Israelis have been hoping for a sign of life from the two soldiers, Ehud Goldwasser and Eldad Regev, since they were captured on July 12, 2006 in a cross-border raid that sparked last summer’s monthlong conflict between Israel and Hezbollah. Hezbollah has not allowed the Red Cross to meet with the two and has offered no indication that they are still alive.

Mahmoud Komati, the deputy leader of Hezbollah’s political bureau, told the Nazareth-based As-Sennara newspaper that Islam requires that captives be given “humane treatment.” When the interviewer asked Komati if that meant the two Israeli soldiers were receiving such treatment, Komati said it did. “That’s how we’re treating the prisoners we’re holding now, because that’s in our religion,” Komati said.

Ehud Goldwasser’s wife, Karnit Goldwasser, said the comments proved nothing. “This is not a turning point, this is not a sign of life … A sign of life is when someone sees them, and a Red Cross representative must see them,» she told Israel Radio on Friday.

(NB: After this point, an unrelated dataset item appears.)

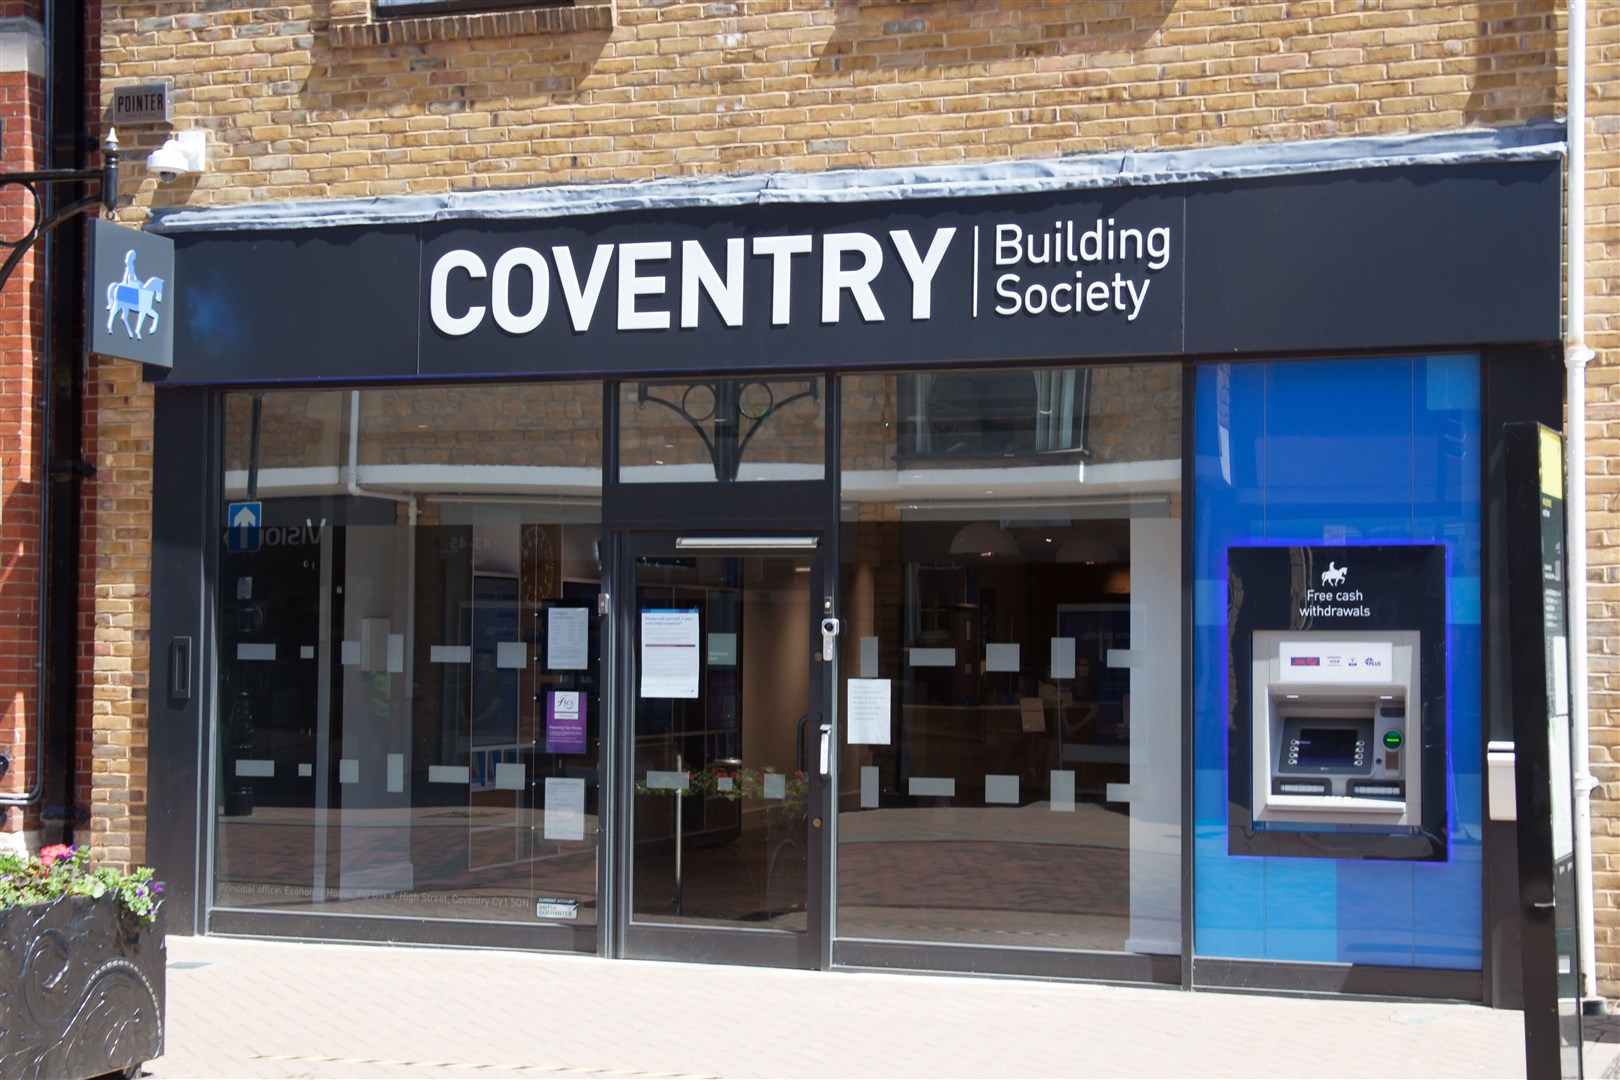 Coventry Building Society said it wants Co-op Bank’s customers to eventually become its members (PA)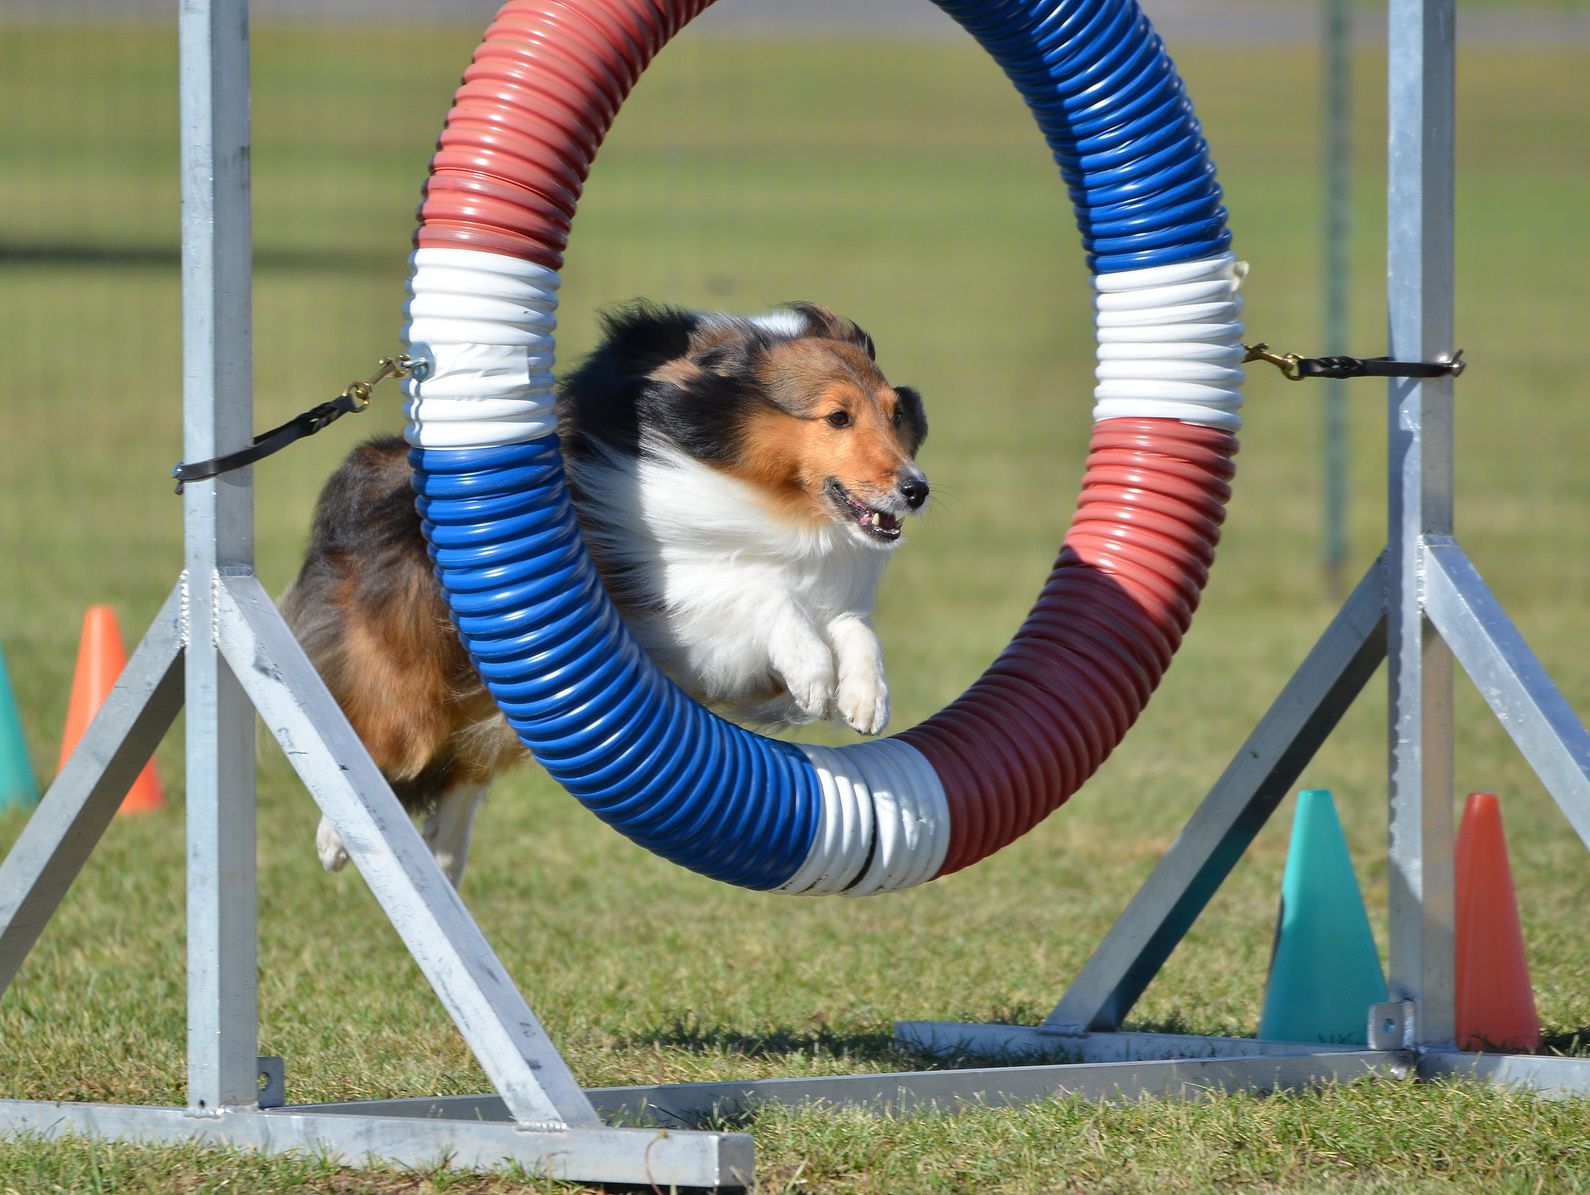 Tricolor Shetland Sheepdog (Sheltie) Leaping Through a Tire at Dog Agility Trial

Also Friday, As-Sennara quoted anonymous Palestinian officials as saying that the family of a third abducted soldier, Gilad Shalit, had been allowed to send him eyeglasses through Egyptian mediators attempting to negotiate his release.

The Yediot Ahronot daily said Shalit’s father, Noam, sent the glasses two weeks ago. The father told the paper he had no idea whether the glasses had reached his son. “In the past we asked to send the glasses by means of the Red Cross. What does it give me if the glasses did or did not reach him. Has anybody seen him? Can anyone say anything about his condition? We don’t know anything.”

Like Hezbollah, the Hamas-linked gunmen holding Shalit are not known to have offered any concrete indication of Shalit’s condition since his capture in a June 2006 raid.

Hezbollah and the Palestinian militants holding Shalit hope for prisoner swap deals that will see the release of hundreds of Arab prisoners in return for the three Israelis. But ongoing covert negotiations have not produced results so far.